The mechanics of quantum

Quantum-based communications, which provide significantly more processing power than current computers, are expected to be introduced in the coming decades. Along with the development will come a swarm of security challenges that will make current encryption all but useless. As a result, the NSTAC report suggested investment now into quantum capabilities that “can resist advanced attacks far into the future.”

Specifically, the report encouraged the development of encryption that can defeat quantum processing and protecting password databases.

However, some private sector leaders have suggested investments beyond technology.

The U.S. government should invest in the quantum computing workforce, support research and help the development of quantum algorithms today, Todd Holmdahl, the corporate vice president of quantum at Microsoft told lawmakers Sept. 25. “Despite their sophistication, the classical computers we currently use are fundamentally limited in their problem-solving capabilities,” Holmdahl said. “Quantum computers can solve problems in a fraction of the time it would take even the fastest conventional systems.”

Generation now

Although fifth-generation communications technology is on the horizon, the U.S. government needs to embed its implementation with enhanced security, the NSTAC report argued.

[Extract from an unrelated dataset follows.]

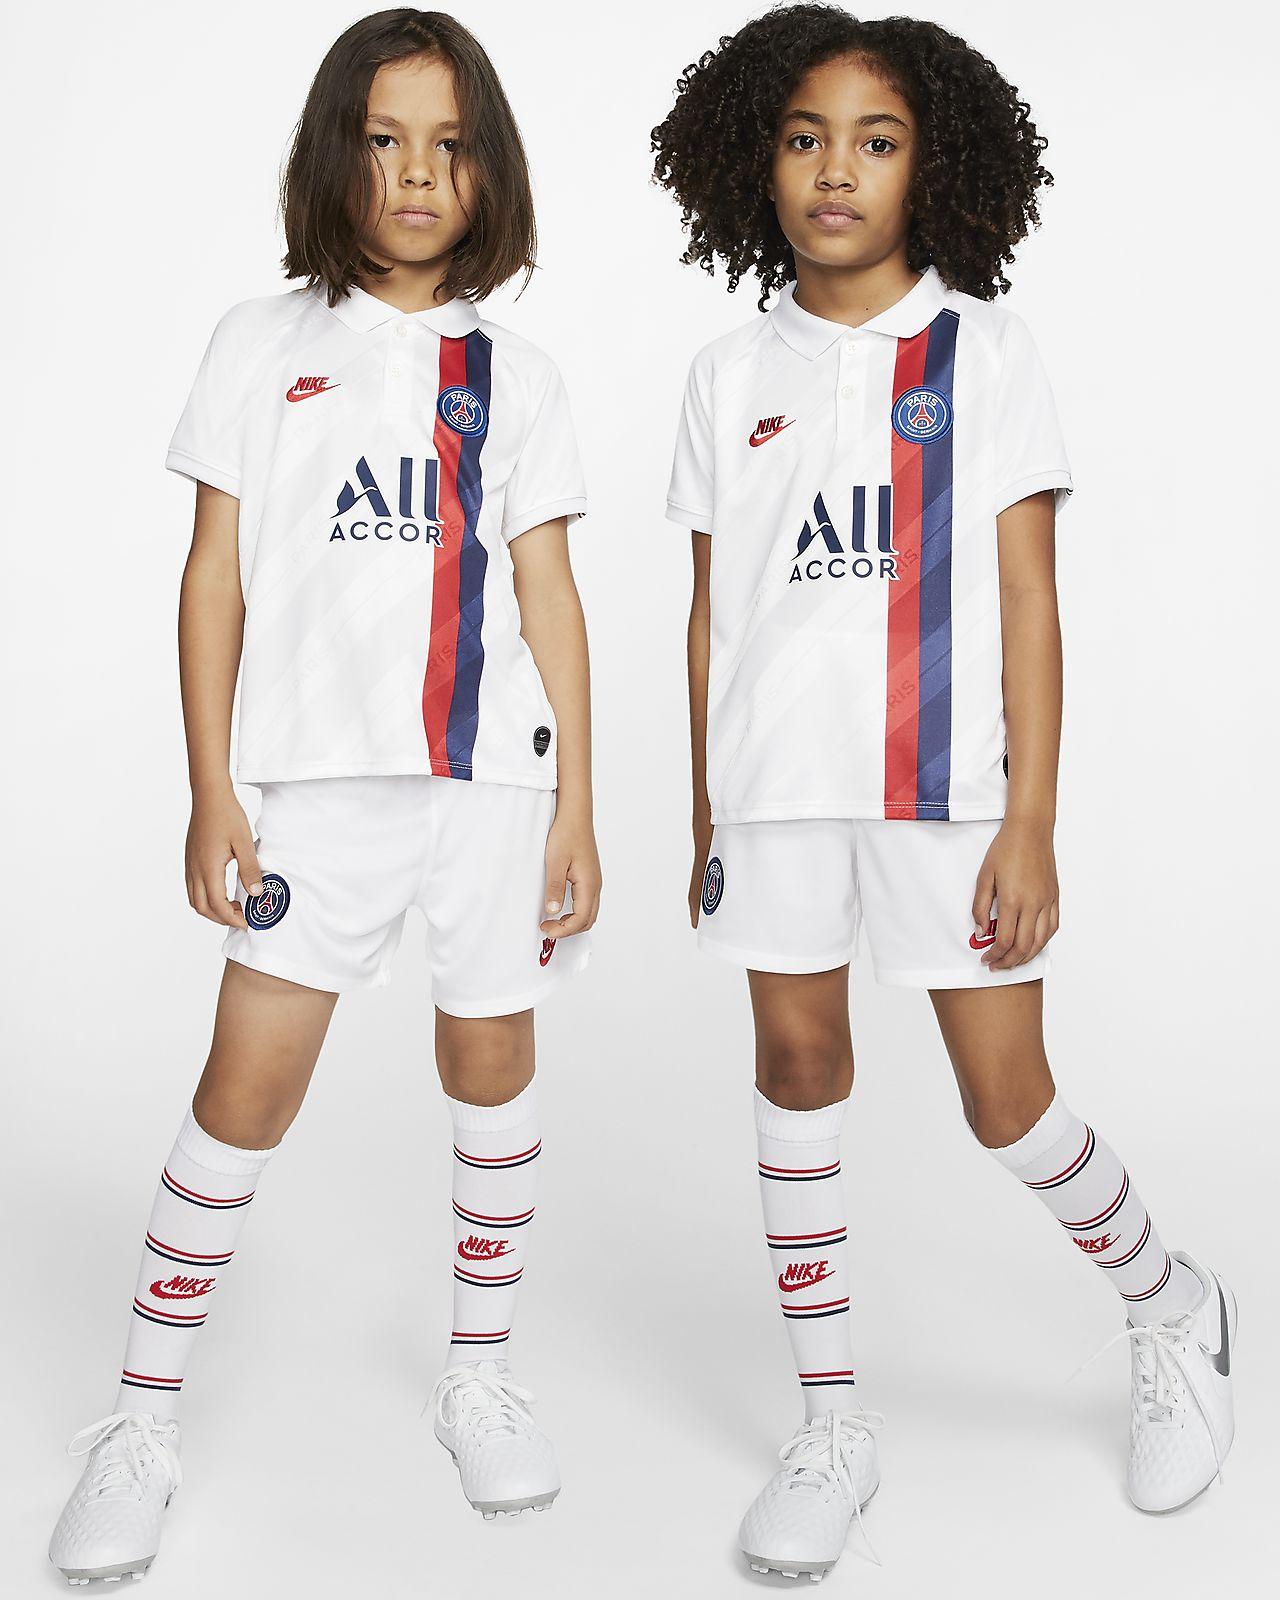 Paris Saint-Germain 2019/20 Third Younger Kids' Football Kit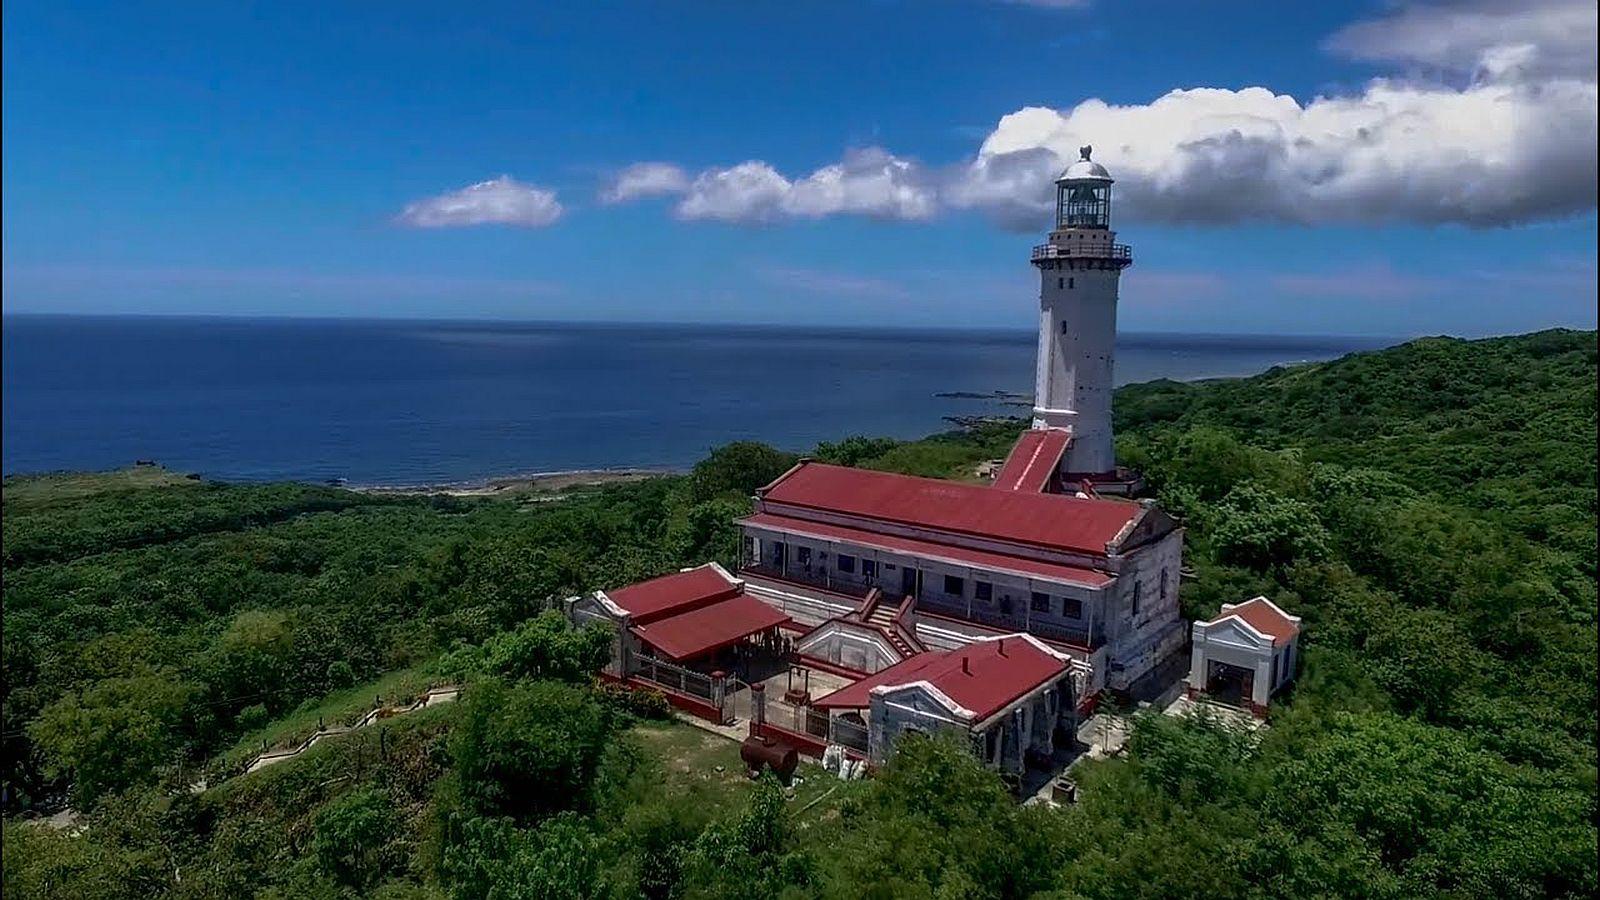 PHILIPPINEN REISEN - LEUCHTTÜRME - Cape Bojedor Leuchturm in Burgos, Ilocos Norte

The adoption of 5G technology will bring increased connectivity and a flurry of new devices that need to be regulated, according to the report. New products “are expected to relentlessly grow more integrated, interconnected, and complex,” the report said, particularly in the field of transportation infrastructure and the energy grid.

However, military officials have quietly pushed back against the adoption of 5G by the commercial market. Pentagon officials have told Fifth Domain that as more consumers overseas use the 5G network for personal use it will be harder to identity and jam devices they target on routine missions.

A.I. is T.B.D.

The development of artificial intelligence should augment, not replace humans, the NSTAC report argued. Research and investment should focus on “allowing for near autonomous response to cyber threats at machine speed to achieve self healing computing environments that identify flaws,” the report said.

It suggested that “automated cyber threat prevention” was one use of automated intelligence. However, some cybersecurity experts have cautioned about relying too much on artificial intelligence as a threat warning indicator, arguing that it can cause false positives.

Still, more than half of the new challenges and programs announced by Intelligence Advanced Research Projects Activity in 2018 involve machine learning or predictive analytics, according to an analysis by Fifth Domain.